Para conseguir un verdadero dry martini no hace falta ser ni tan radical como don Ernest Hemmingway ni tan hortera como los barmen de la cadena Tryp Sol, o al menos alguno de ellos, muy aficionados a inundar una copa poco fría de martini blanco dulce, bautizarla con ginebra Beefeater para luego coronarla con una incomodísima espiral de corteza de limón pinchada junto a una aceituna. Ni tan puntilloso como los devotos de don Perico Chicote (esas tres gotas, tres, de martini seco y esa gota única e inútil de angostura) ni tan estrecho de miras como alguno de mis amigos que a la sequedad de la ginebra suelen aunar la de ciertos rasgos de su carácter (perdón, Johnny).

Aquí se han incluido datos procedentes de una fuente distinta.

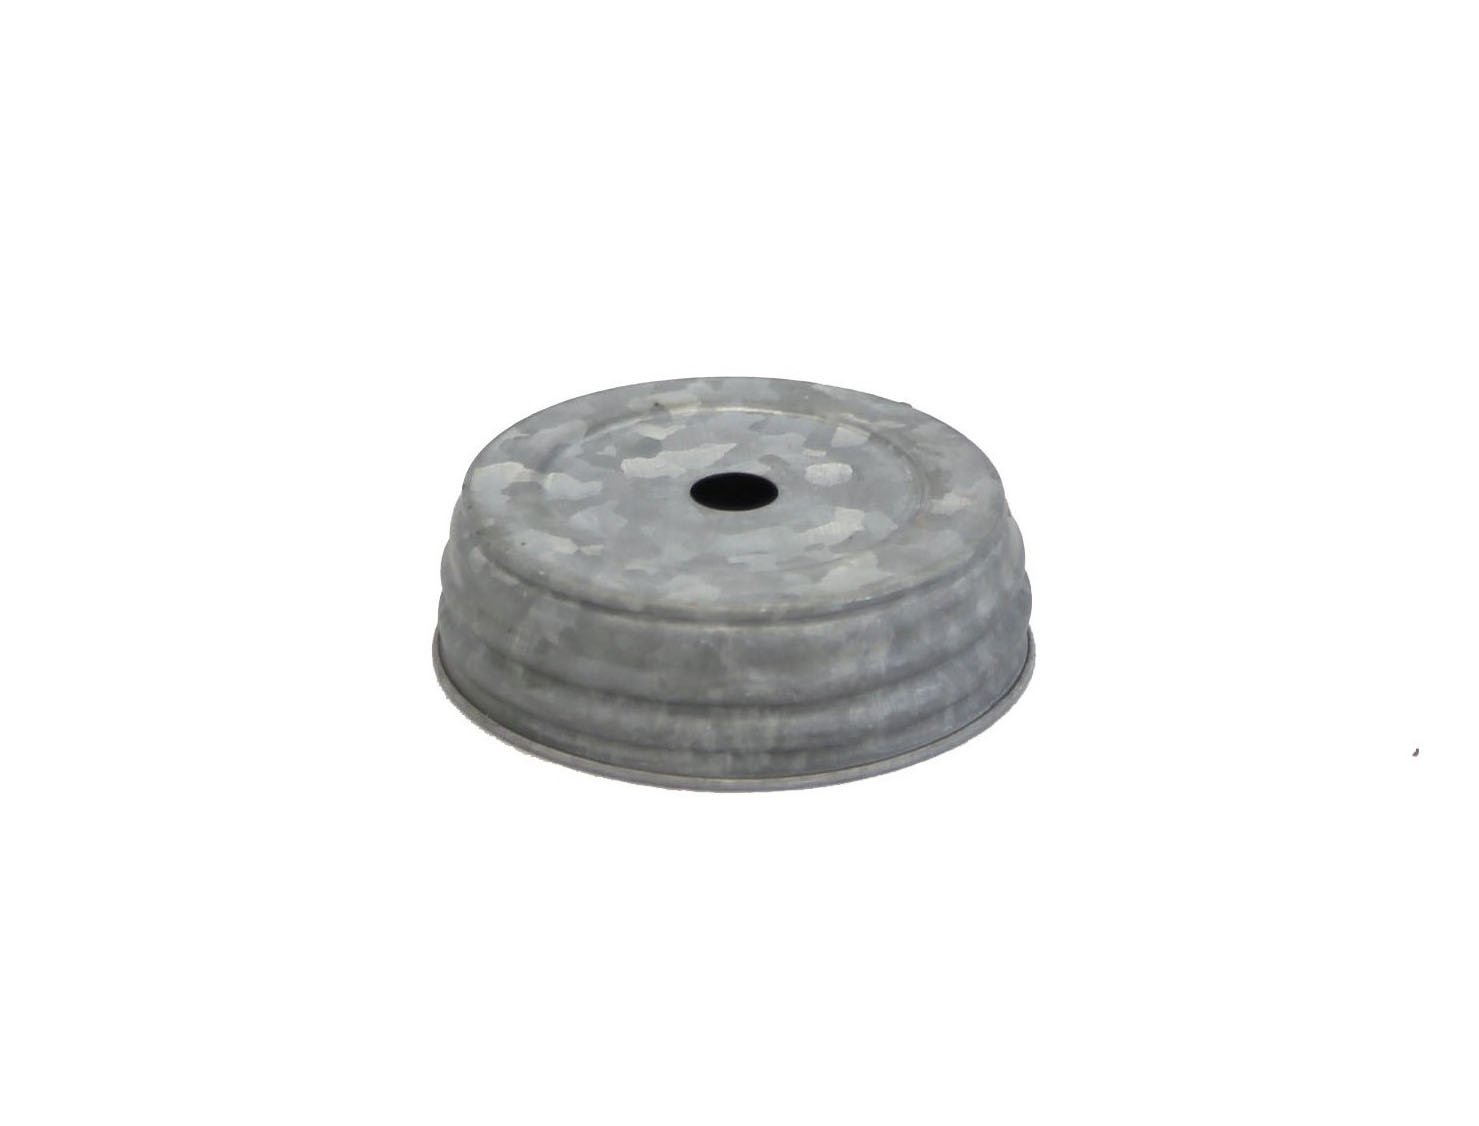 Gray Zinc Mason Jar Lid With Hole - Set Of 6

Para elaborar un auténtico dry martini no hay que conseguir ni demostrar nada ni ser nada especial. Sólo hay que estar un poco atento, eso es todo. Además, hay que disponer de copas heladas, de copas “de martini” heladas, ni muy altas ni muy bajas y con una hermosa boca. Una buena ginebra seca que tampoco sea muy perfumada, como la Gordon’s (a mí me gusta la catalana Giró, pero sirve cualquier otra), que tampoco está mal tenerla en la nevera, añadirle, encima, un leve chorrito de martini blanco seco y dejar que flote en la copa un mínimo trozo de corteza de limón pinchado junto a una aceituna rellena de anchoa. Con esa banderilla se mezcla ligeramente el contenido de la copa, dos vueltas, y se bebe en apenas tres sorbos. Digamos que tres sorbos y una buena compañía son suficientes.

Otra cosa es el dry martini solitario. “Los” dry martini, porque deben ser un mínimo de dos para que se aclaren las ideas y luego se pueda, por ejemplo, iniciar una pelea con tu mejor amigo o llamar a tu amante lejano para desearle las buenas noches o ponerse a escribir cosas como ésta. Se trata, evidentemente, de martinis nocturnos. Y siempre para antes de la cena. Si se cocina con verdadera afición dos copas serán suficientes. Si se hace con desgana es mejor tres. Si el o la amante son propensos al insomnio es mejor llevarse la tercera copa, ya un poco más lenta, a la mesita del teléfono y, por fin, si se va a poner uno frente al ordenador es mejor cenar antes.

Esos martinis solitarios tampoco hace falta que sean tan secos. Yo los complico con partes iguales de ginebra y de martini, con dos aceitunas y con dos gotas, además, de limón. Aunque todo esto, como el objeto de la discusión de Bruno y Guy o la opinión, que la tenía, de Patricia, es tan relativo, casi tan relativo, como la religión. Tan relativo como que a estas horas, tan tarde, he dejado dos muslos de pollo a descongelar para elaborar una diabólica ensalada llena de buenas intenciones (y de pimienta y además curry y vete a saber), y no tengo ni una gota de martini. A mi lado tintinea, erguida, fantástica, una copa de vino clarete de la Terra Alta que, si no hace las veces, me va a venir a reconciliar, digamos, con mi propia religión.